I asked what he meant.
“I've watched,” he said, “not because I'm nosey but because a dometown's a small place and you pretty much hear all the news. But you know how many people have held your job in thirty Earth years? I'll tell you. Sixteen. Sixteen people have gotten your job and then gotten out, or been pushed out. We on the outside don't know what's happening over in City Hall proper, but I figure, with sixteen people in the last thirty years, something's up, right? Maybe the job's so awful people hate it and just need to get out. Maybe no one wants to be the one snapping the whip. Or maybe it's just a good job but a tough job that's waiting for the special person.”
“You make me feel real secure.”
“I think folks usually land on their feet, once they're out.”
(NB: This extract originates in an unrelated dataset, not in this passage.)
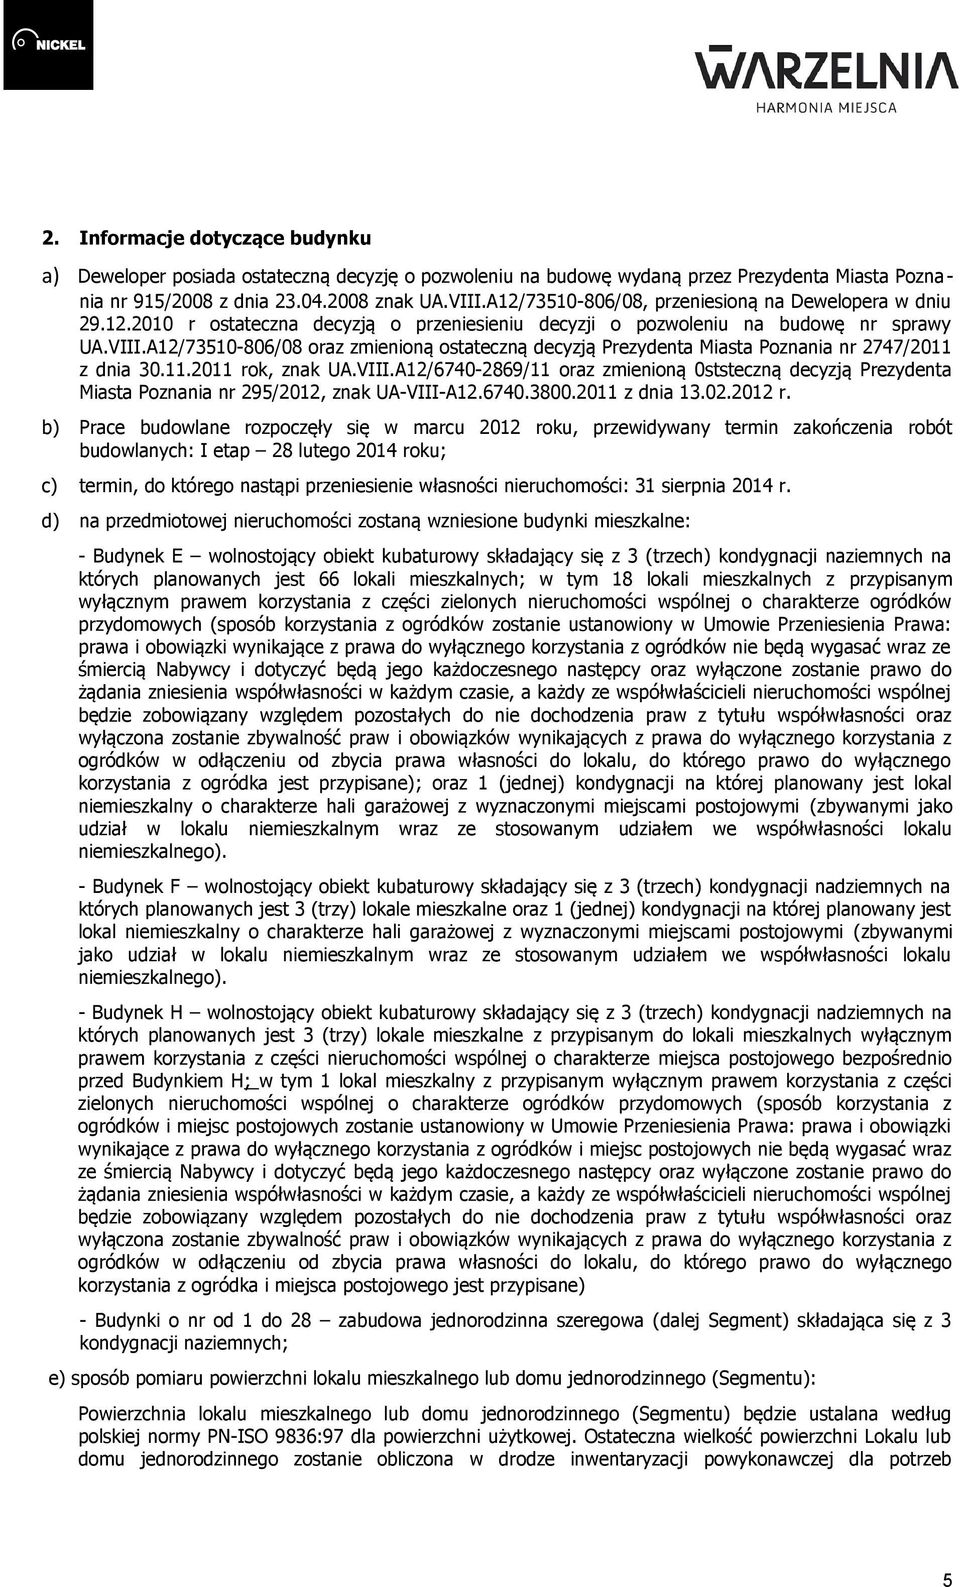 A12/73510-806/08 oraz zmienioną ostateczną decyzją Prezydenta Miasta Poznania nr 2747/2011 z dnia 30.11.2011 rok, znak UA.VIII.

“But what if they send me back?”
“Send you back? From Mars? After getting you here? Who can afford to send anyone back? Don't talk crazy at me!”
He laughed, saying that. Even so I detected a grain of truth in what he said. If I messed this up, I might be out a job—but not a planet.
A Martian—already!
Ron took me to the Engineering roof, where we stood on a spongy walkway between solar tiles, gazing up at the rosy sky and the complicated undersurface of the dome itself.
“You see, it's partly a solid dome and partly see-through; and the magnetic shielding is just as important a component as the glass and metal. There's even a bit of shimmery light effect off the field. The titanium-alloy struts between the panes are painted, so they pretty much disappear against the Martian day sky. But you can tell they're there. At night, if you're walking along and looking up, you'll see stars wink out, just for a split second. People like to do that, in fact. They take walks in the evening and if they can see Earth, they make it blink behind one of the roof struts. It's like a tiny blue eye winking. A child's game, really—but people have been doing it so long it's habit, now.”
“People think about Earth a lot, up here, don't they?”
“You're giving yourself away!”
“What?”
“You say, ‘Up here.’ We say we're ‘down here.’ Earth's ‘up there.’ Opposite to the way newbies put it.”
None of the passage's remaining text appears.